Процессия вошла в собор. В узком кафтане из серебряной парчи, подпоясанном персидским поясом, расшитым драгоценными камнями, в надвинутой на глаза собольей шапке с атласным верхом, Флорис не слышал, о чем взволнованно шептались в народе, когда он проходил мимо. Слова, брошенные вчера Бутурлиным, сегодня были подхвачены мужиками:
— Царская кровь.
— Посмотрите на молодого барина, в нем царская кровь.
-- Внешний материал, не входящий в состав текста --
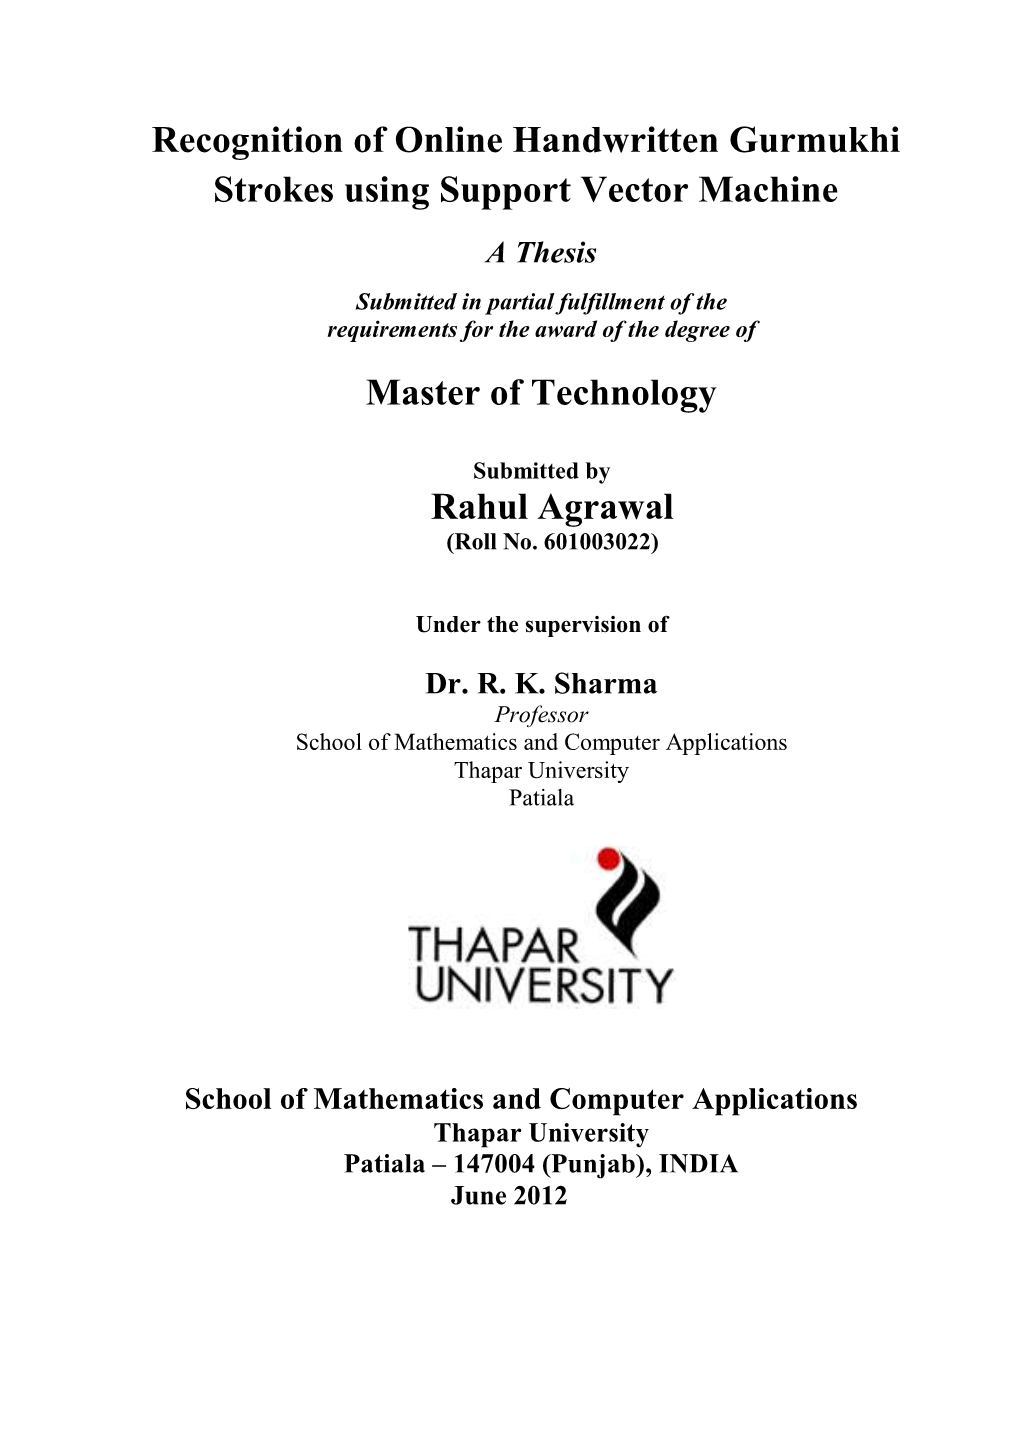 Recognition of Online Handwritten Gurmukhi Strokes Using Support Vector Machine a Thesis

— Он «посланец», призванный охранять нашу матушку.
В русской земле у молвы быстрые ноги.
Двери Успенского собора закрылись.
— Господи, храни царицу!
— Господи, защити Россию!
Патриарх сделал знак. Настала очередь Флориса. Словно во сне приблизился он к трону. Елизавета застыла между двух икон: Богоматери и Святого Спаса. Преклонив колени, Флорис — как ему было сказано накануне, — опустил глаза и протянул ей золотую державу.
Ему показалось, что он услышал: «Спасибо, Флорис».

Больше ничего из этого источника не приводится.